Given information

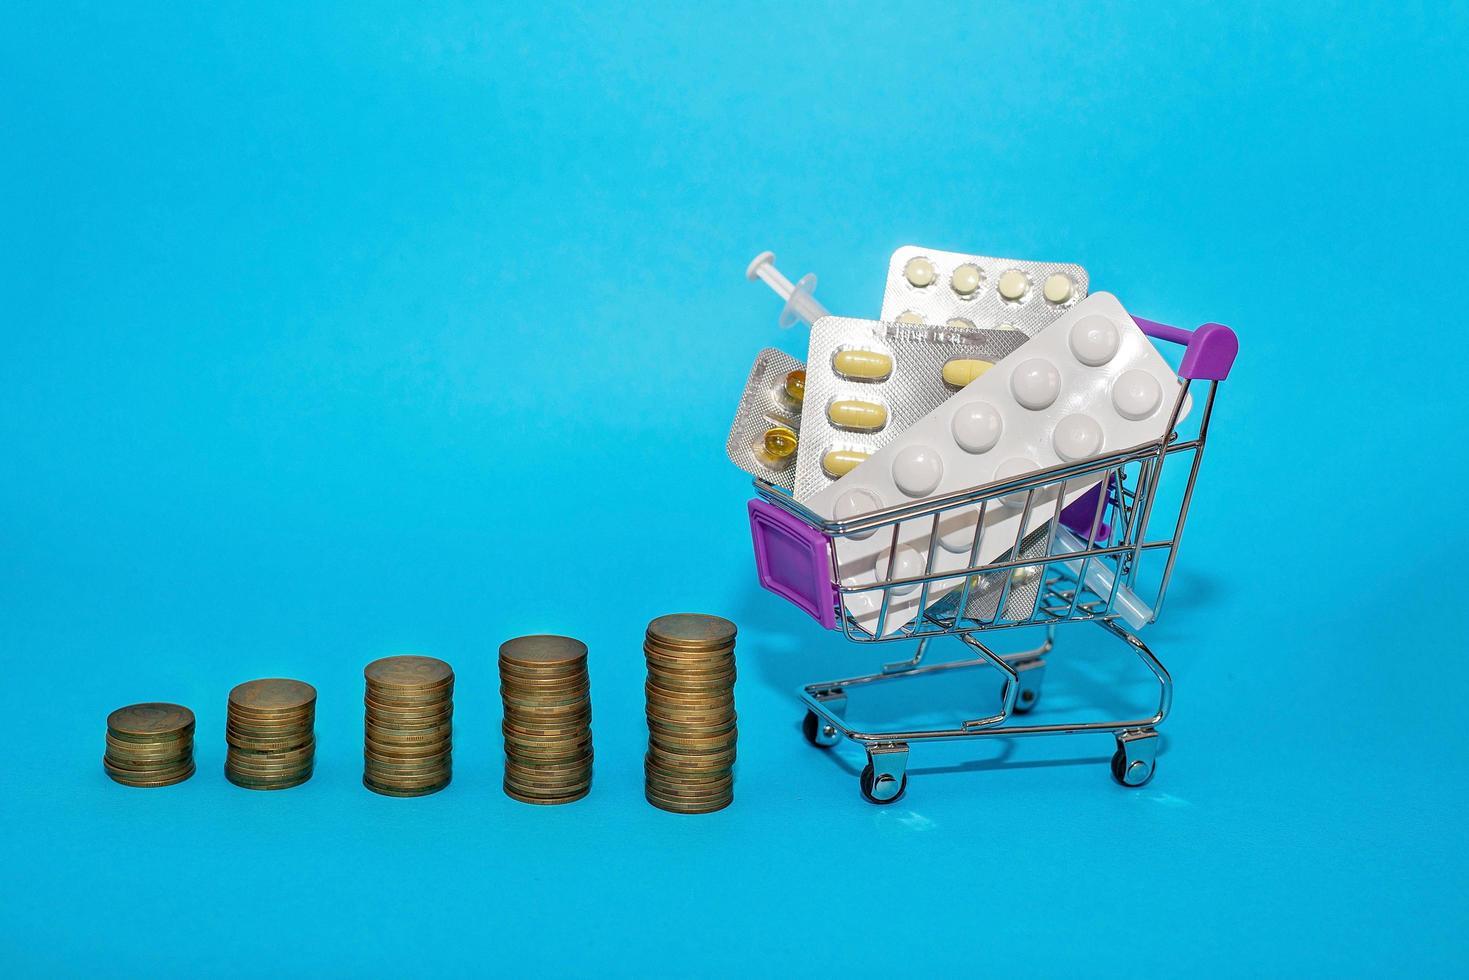 en bunt mynt i rad med en matkorg med mediciner på en blå bakgrund. läkemedelsprishopp koncept språng. covid-19 coronoviruspandemi foto
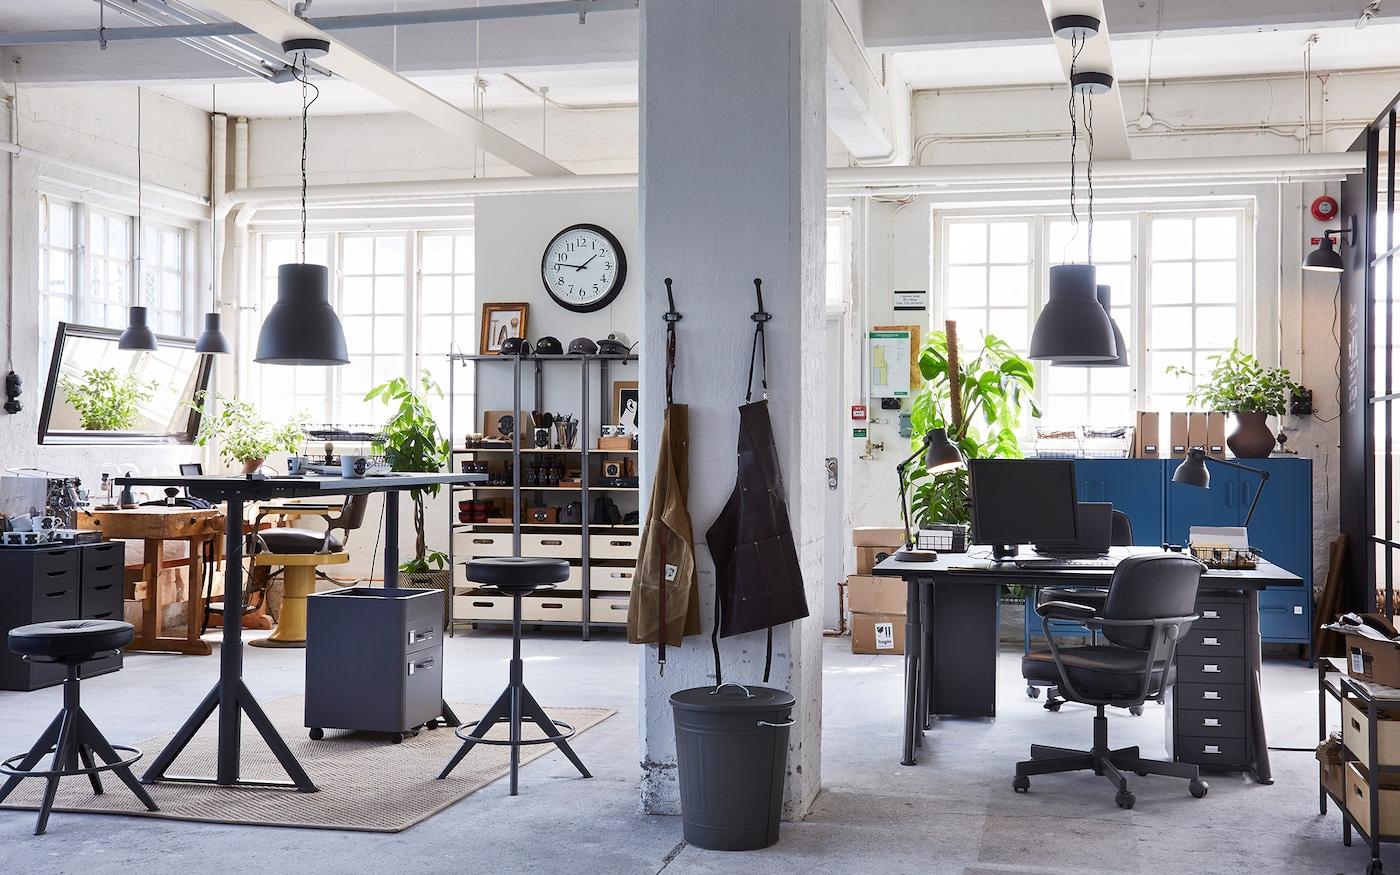 Gemeinsam genutztes Büro mit IDÅSEN Sitz- und Stehschreibtischen von IKEA & ALEFJÄLL Bürostühlen
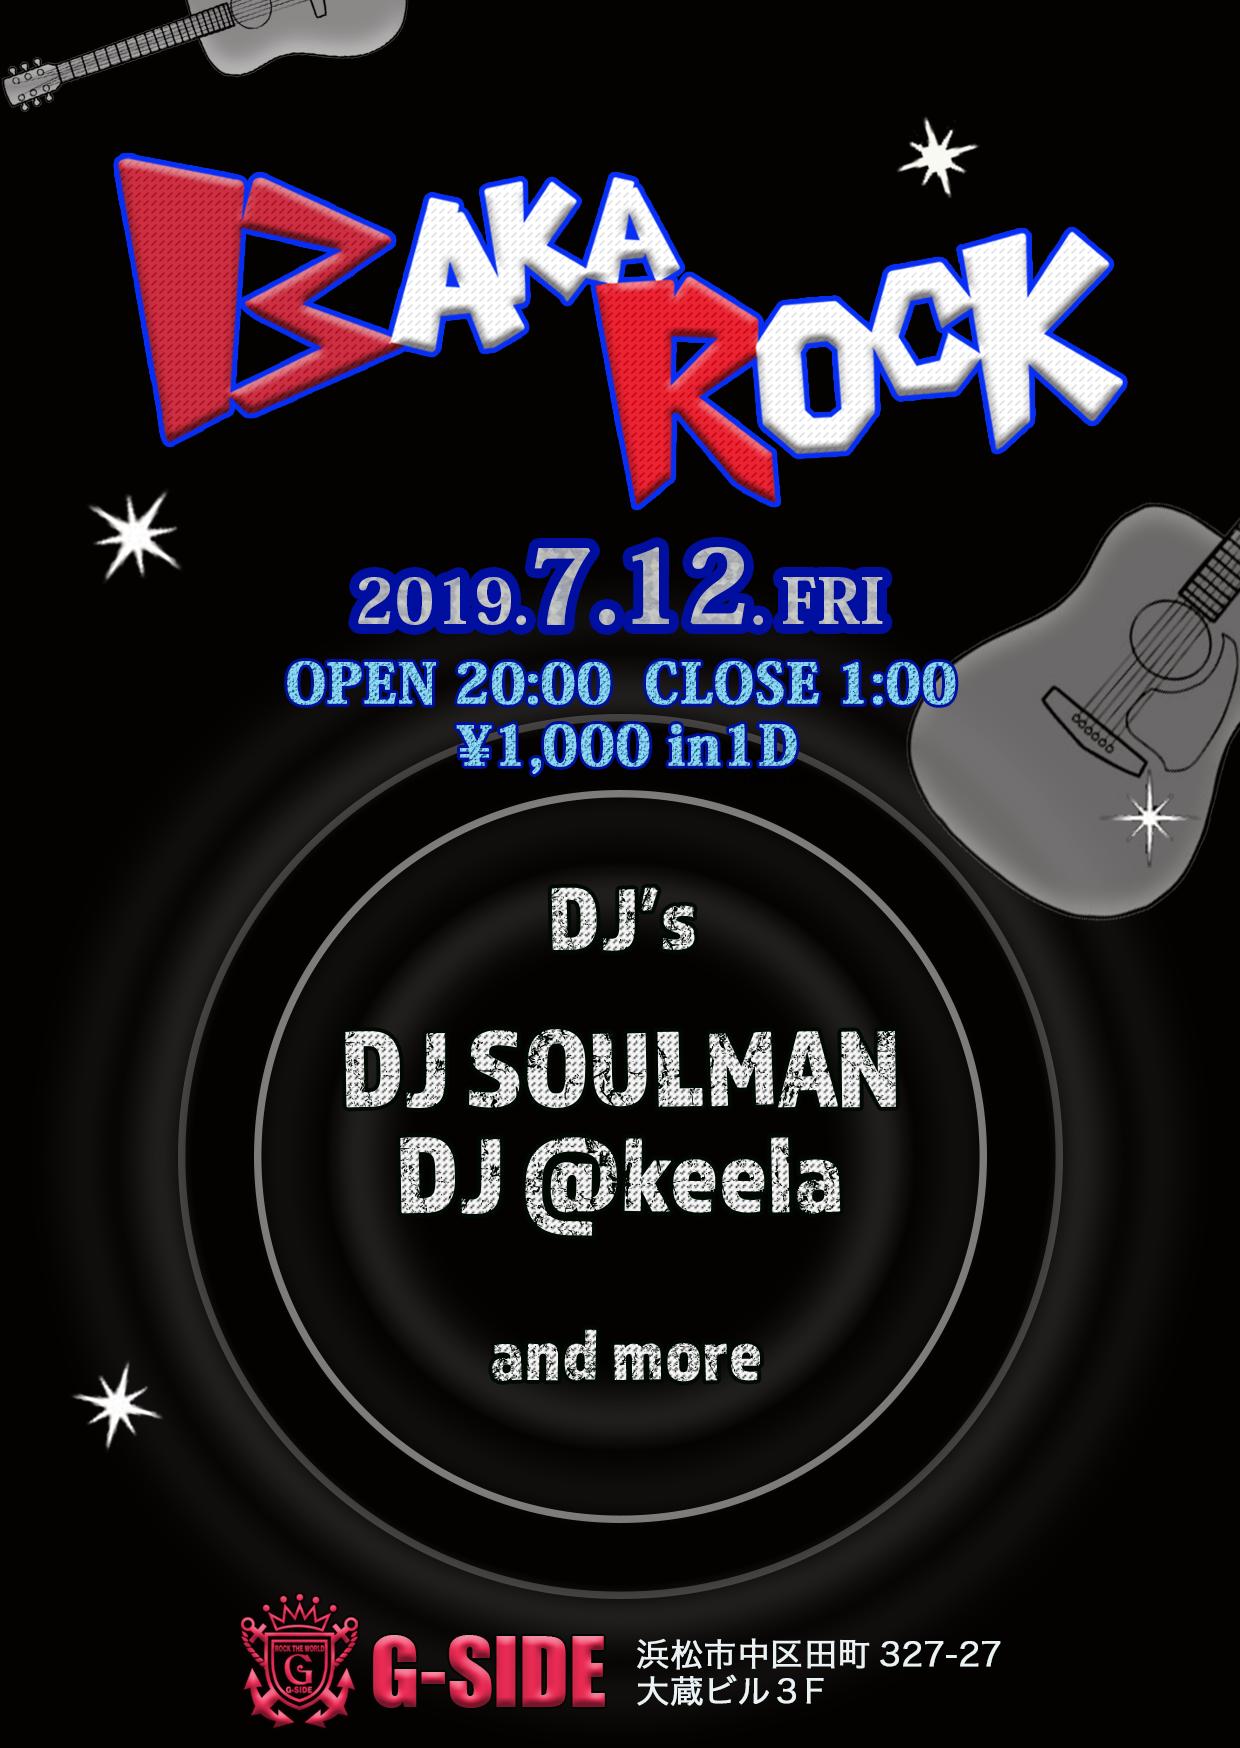 7月12日金曜日 BAKA ROCK
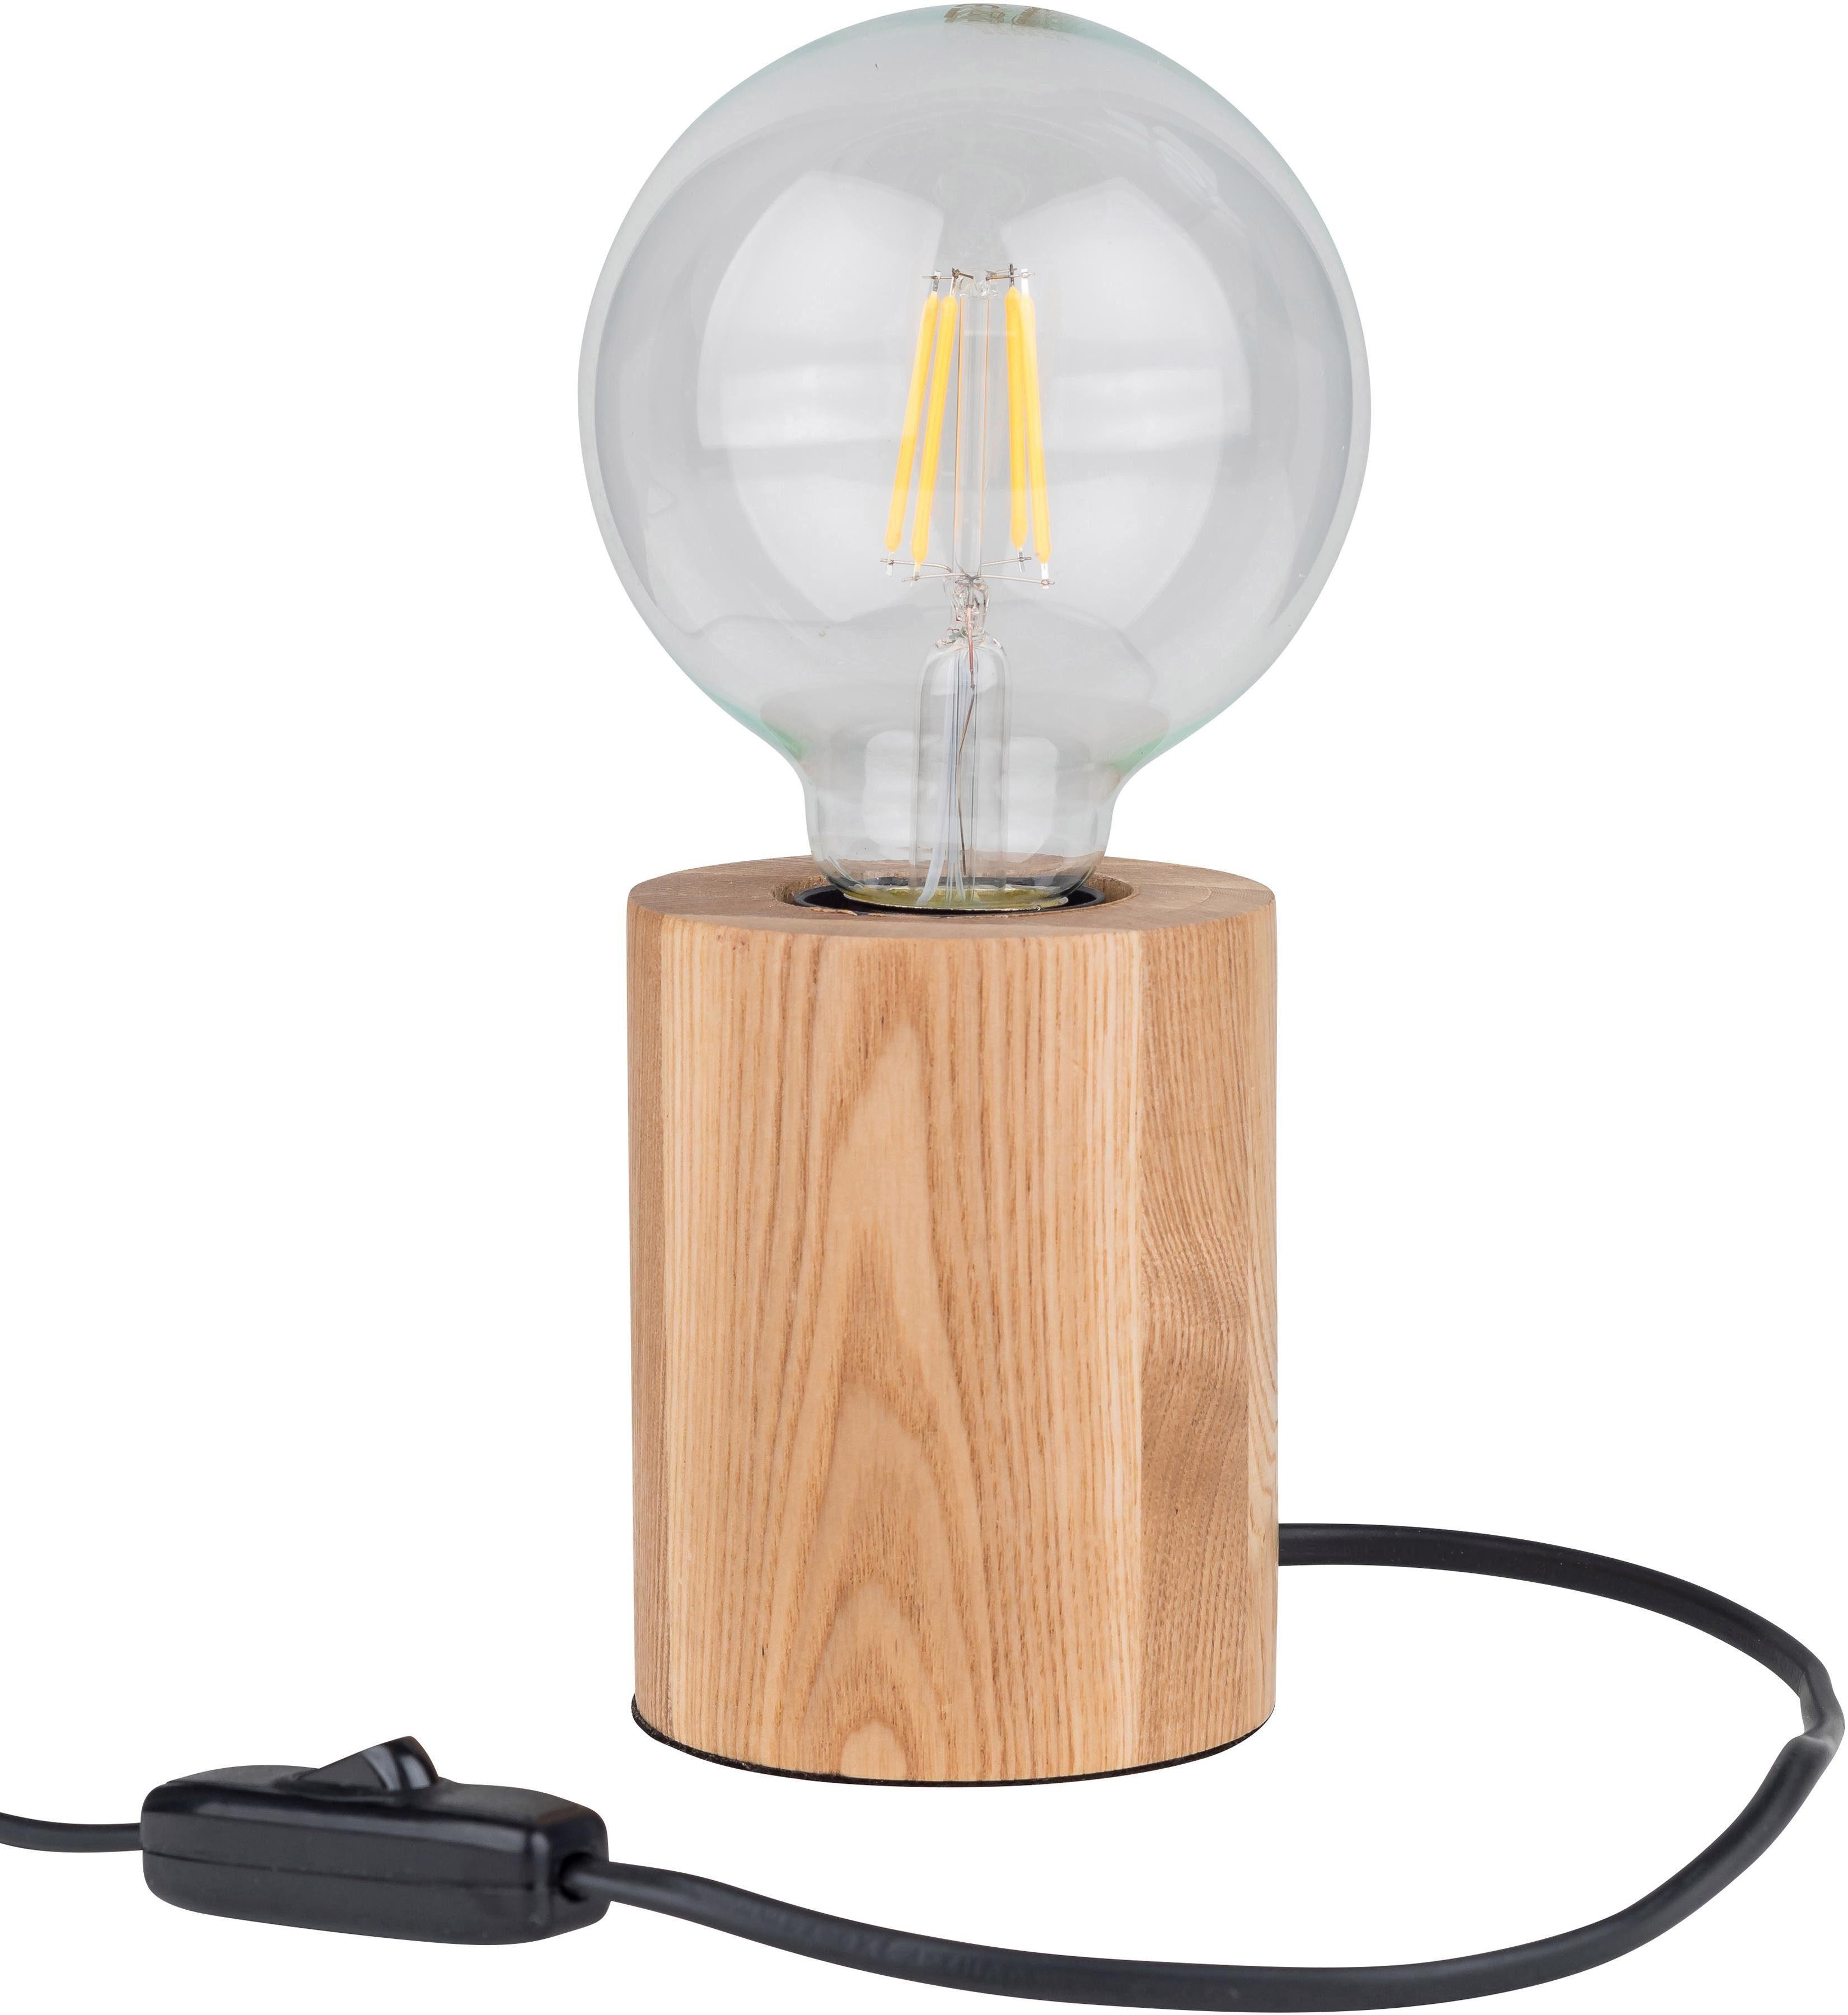 BRITOP LIGHTING Tischleuchte MINNIE, E27, Naturprodukt aus Eicheholz massiv, Nachhaltig - FSC-zertifiziert, Made in EU, passendes LM E27

The task
Please copy exactly the lines from the one that contains "Gemeinsam genutztes Büro" through the last line of the listing above, leaving out the pictures.

Answer to the exercise
 Gemeinsam genutztes Büro mit IDÅSEN Sitz- und Stehschreibtischen von IKEA & ALEFJÄLL Bürostühlen
 7月12日金曜日 BAKA ROCK
 BRITOP LIGHTING Tischleuchte MINNIE, E27, Naturprodukt aus Eicheholz massiv, Nachhaltig - FSC-zertifiziert, Made in EU, passendes LM E27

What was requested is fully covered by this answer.